“Took the long way home but it wasn’t long enough,” one video game starts. The point of the game is not to escape from the cops or to accomplish a robbery. The point turns out to be much more poignant. Long Time Coming: A Game about Pointed Conversations by Sagan Lee and Nadie Lessio is about coming home to your boyfriend, trying to avoid letting on about being unfaithful.

This was just one of the games in Leaps and Maneuvers, currently on view at the Women’s Studies Research Center in the Kniznick Gallery. The exhibit, which opened last Tuesday, features video games created by women and other people conventionally discriminated against in the gaming industry. The works come from participants of Dames Making Games, a Toronto-based non-profit that seeks to, according to its website, “run a wide range of programs and events for women, non-binary, gender nonconforming, trans and queer folks interested in games.”

On Wednesday, Soha Kareem, a director at Dames Making Games, came to speak at the WSRC about her organization and what it is fighting against. She talked about how women in gaming, in addition to being discriminated against, have repeatedly been harassed. As an example, she used Anita Sarkeesian—an activist who speaks out about misogyny in the gaming culture and has received death, rape and bomb threats because of it.

In an email to the Justice, the Rosalie and Jime Shane curator and director of the arts, Susan Metrican, said that Sarkeesian was actually her inspiration for the exhibit. “Somehow I stumbled upon Anita Sarkeesian’s video web series called Feminist Frequency … and then started to do research about video game exhibitions,” she said. “I found that DMG had shown their work at the Art Gallery of Ontario, and I was very curious about that because I hadn’t had any experience mounting an interactive exhibition before.”

The games displayed are largely socially conscious and many of them have strong take-away messages. They are certainly not technologically advanced, with pixelated words and images, and very simple capabilities. But the games take on complex and real-world issues, causing the player to think about greater contexts than simply shooting the bad guys.

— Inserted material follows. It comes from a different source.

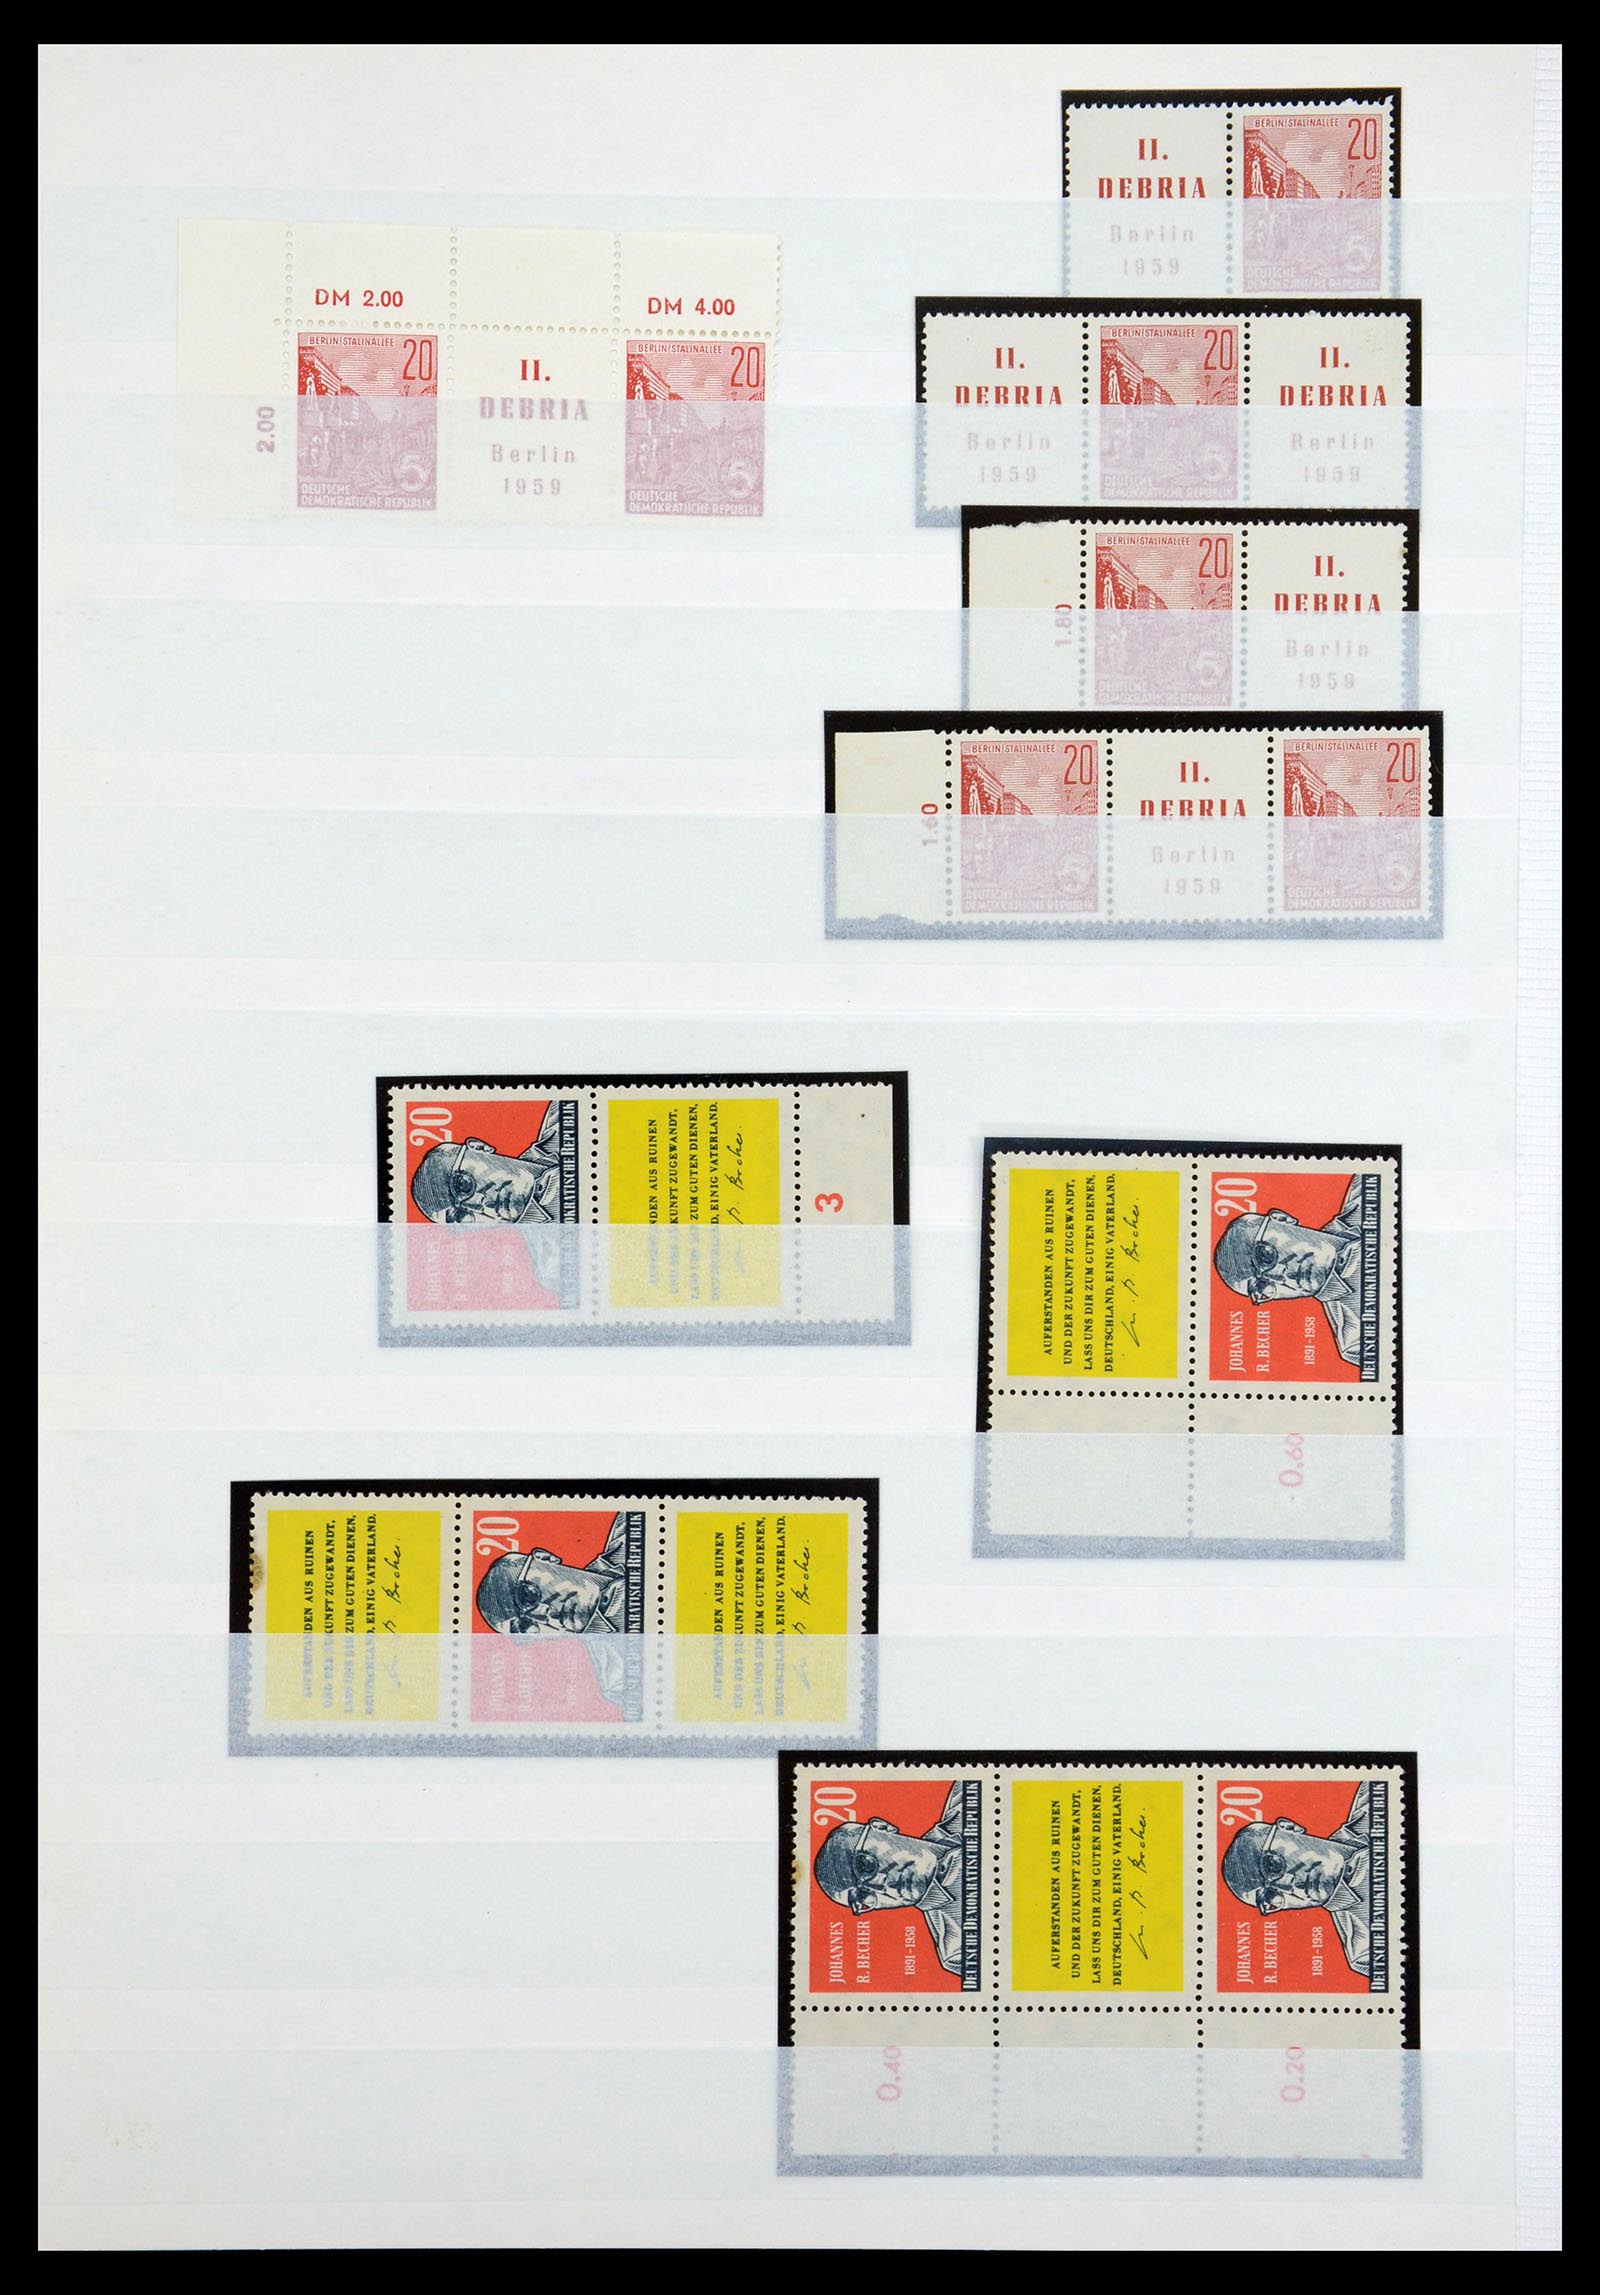 35227 021 - Postzegelverzameling 35227 DDR combinaties 1955-1990.

The first attraction in the exhibit is a television that plays on a loop—portraying the games on view, played by an automated mouse. But the fun part is the next station, where viewers of the exhibit can see how the games work for themselves.

BrokenFolx by Arielle Games depicts four characters, each in difficult situations they encounter concerning their gender identity. The player clicks through each of their stories in which the character and another off-screen character engage in a dialogue. The player does not make any active decisions in the game except for choosing in which order to play the stories and is free to click through at his or her own pace. One character is a feminine-appearing cat who is conversing with her family members. It is clear from the conversations that the character has recently come out. The father suggests that he is entitled to some father-son time. The brother suggests it’s just a phase. The father ends up spewing hateful slurs in a text message. The scenarios are heartbreaking and some are deeply disturbing. But once the player clicks through all the characters, the game ends on a heart-warming note saying that whatever happens, “We always, always, always heal.”

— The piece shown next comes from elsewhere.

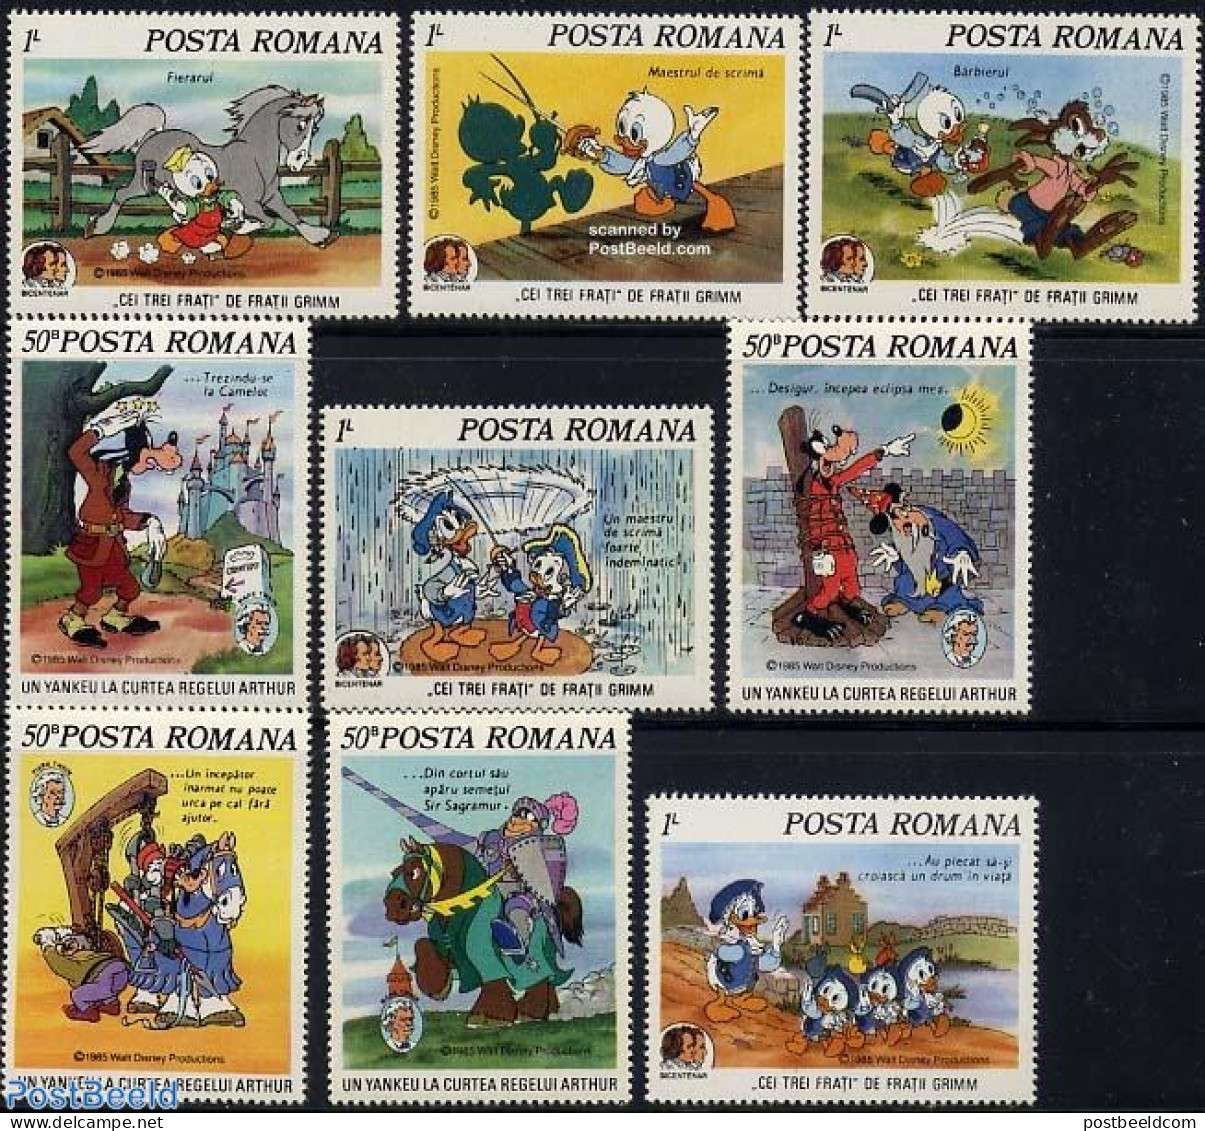 Romania 1985 Mark Twain, Disney 9v, Mint NH, History - Nature - Knights - Horses - Art - Authors - Disney - Unused Stamps

In Phone Home by Jen Costa, Kaitlin Smith and Noreen Rena, the player must navigate a call with the character’s mother. The player has multiple options from the first scene, when they decide to pick up the phone, until the end, when the mother tells the daughter to tell her brother to get a hair cut. There did not seem to be an explicit point to the game, but it was interesting and refreshing in the authenticity and mundane nature of the playing experience.

The final station is a computer-automated tarot card selector named Techno Tarot. The player sits in an alcove at a table laden with candles and rocks. Music plays in the background. The experience is a relaxing one even as the tarot card reading experience is very robotic—with a robotic voice reading the cards and a blue robot figure shown to represent the card reader.

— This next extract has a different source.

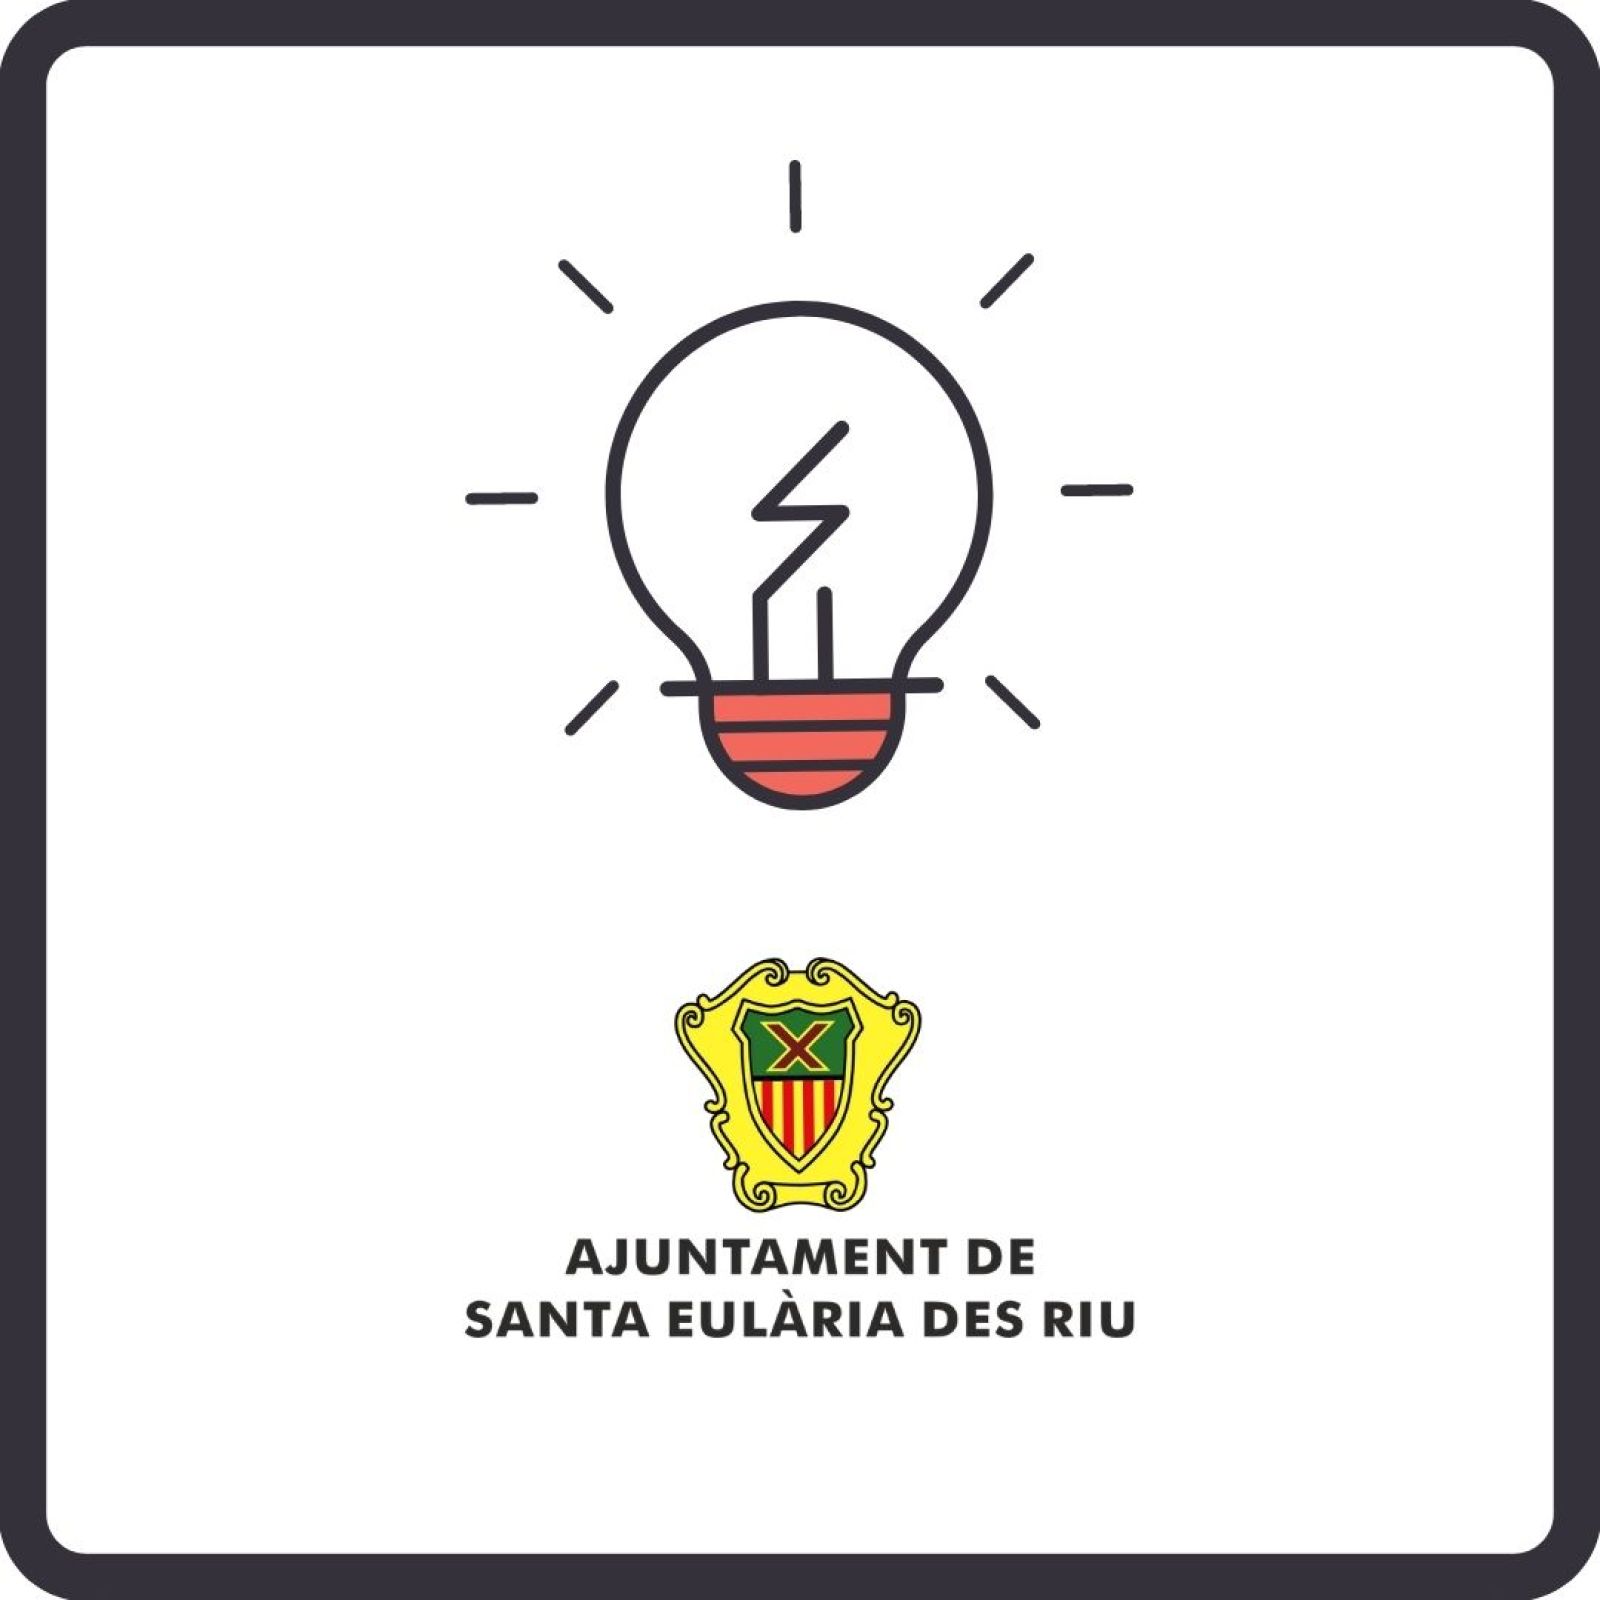 Corte temporal del suministro de energía eléctrica en diferentes zonas de Santa Eulària des Riu el día 11 de agosto

Although the exhibit was very impressive, there could have been additional context about the organization Dames Making Games and about the games themselves. There were small cards near the gaming stations, but the information was not clearly accessible and the quotes on the wall did not suffice.

There were also some technical difficulties with the games. Metrican commented, “The games in the show are indie games, so a player might encounter some bugs along the way. I would say if you do encounter a problem with a game, it’s probably because there are too many running at one time!”

“The truth has a tendency to slip out when you least expect it,” read one of the last scenes of Long Time Coming.” The same can be said for this groundbreaking exhibit where the truth about what people can do can be found in these extraordinary video games.